Terrestrial Ecosystems Model (TEM) and the Global Land System Framework

The Terrestrial Ecosystems Model (TEM) has been developed by The Ecosystems Center at the Marine Biology Laboratory (MBL), and incorporated in the IGSM through cooperative efforts that have been ongoing since 1992.

The TEM has been used with the IGSM to examine the responses of terrestrial ecosystems to climate change, enhanced atmospheric CO2 concentrations, nitrogen availability and land-use change. Changes in natural ecosystems, as predicted by TEM, are used as a measure of terrestrial effects, or as inputs to analysis of the impact of climate change on agriculture. The version of TEM currently used in the IGSM also incorporates the influence of ozone on plant productivity and the influence of soil thermal regime on terrestrial carbon and nitrogen dynamics.

TEM is a process-based ecosystem model that simulates important carbon and nitrogen fluxes and pools for 18 terrestrial ecosystems. It runs at a monthly time step. Driving variables include monthly average climate (precipitation, mean temperature and mean cloudiness), soil texture (sand, clay and silt proportion), elevation, vegetation and water availability. The model incorporates a water balance model to generate hydrological input (e.g., potential evapotranspiration, soil moisture). For global extrapolation, TEM uses spatially-explicit data sets at a resolution of 0.5 degrees. The global data sets include long-term average climate, potential natural vegetation, soil texture and elevation.

Utilizing the IGSM's (Integrated Global System Modeling framework) climate predictions, TEM generates predictions of natural ecosystems states, including land vegetation changes, land CO2 fluxes, and soil composition, which feed back to the coupled chemistry/climate, and natural emissions models. The representations of ecosystem change produced by TEM are a crucial link to the estimation of economic and ecological effects. The change in carbon and nitrogen fluxes, and in carbon storage in vegetation and soils, are themselves useful indicators of climate change impact, and they provide a key step in the estimation of more specific models of effects on agriculture and natural ecosystems. With these linked components, the IGSM is used to study how climate-driven changes in the terrestrial biosphere affect climate dynamics through feedbacks on both the carbon cycle and the natural emissions of trace gases.

Changes in land ecosystems due to changes in climate are important considerations in policy discussions. In addition, climate-driven changes in the terrestrial biosphere affect climate dynamics, through feedbacks on both the carbon cycle and the natural emissions of trace gases.

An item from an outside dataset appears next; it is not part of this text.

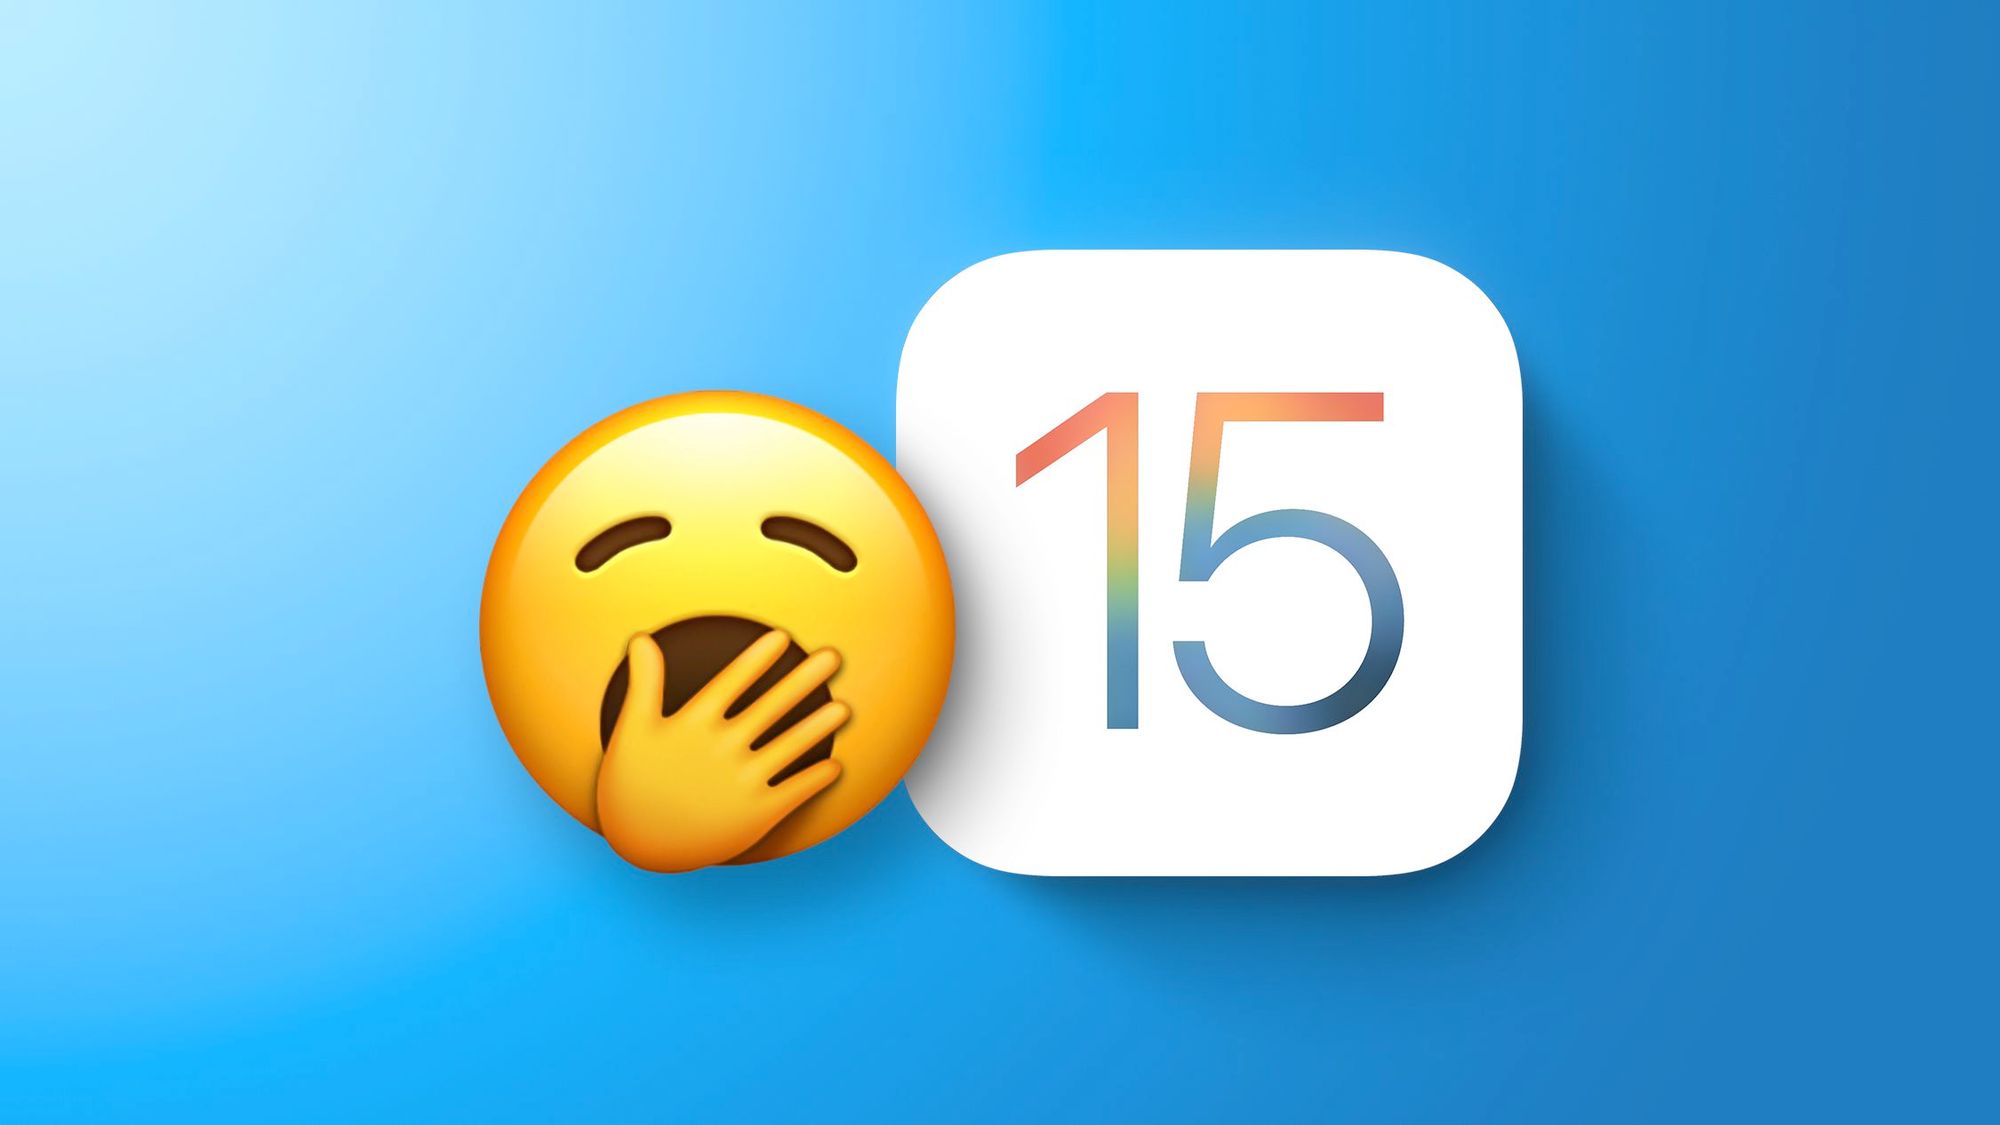 Пользователи iPhone и iPad недовольны анонсом iOS 15 и iPadOS 15 и названием iPhone 13

The terrestrial component of the IGSM includes dynamically linked hydrologic and ecologic models in a Global Land System framework, as depicted in the diagram below.

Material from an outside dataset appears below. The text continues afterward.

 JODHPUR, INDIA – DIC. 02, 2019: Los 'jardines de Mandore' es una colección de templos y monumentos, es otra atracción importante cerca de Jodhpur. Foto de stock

Hydrologic processes and surface-heat fluxes are represented by the Community Land Model (CLM), which is based on a multi-institutional collaboration of land models. Within the IGSM, CLM is dynamically linked to the global Terrestrial Ecosystems Model (TEM), developed by The Ecosystems Center at the Marine Biology Laboratory (MBL). Within the IGSM, TEM is used to simulate the carbon dynamics of terrestrial ecosystems. Methane and nitrogen exchange are considered through the Natural Emissions Model (NEM), which is driven by dynamic inputs from both TEM and CLM. The coupled CLM/TEM/NEM model system represents the geographical distribution of global land cover and plant diversity through a mosaic approach, in which all major land cover types and plant functional types are considered over a given domain, and are area-weighted to obtain aggregate fluxes and storages.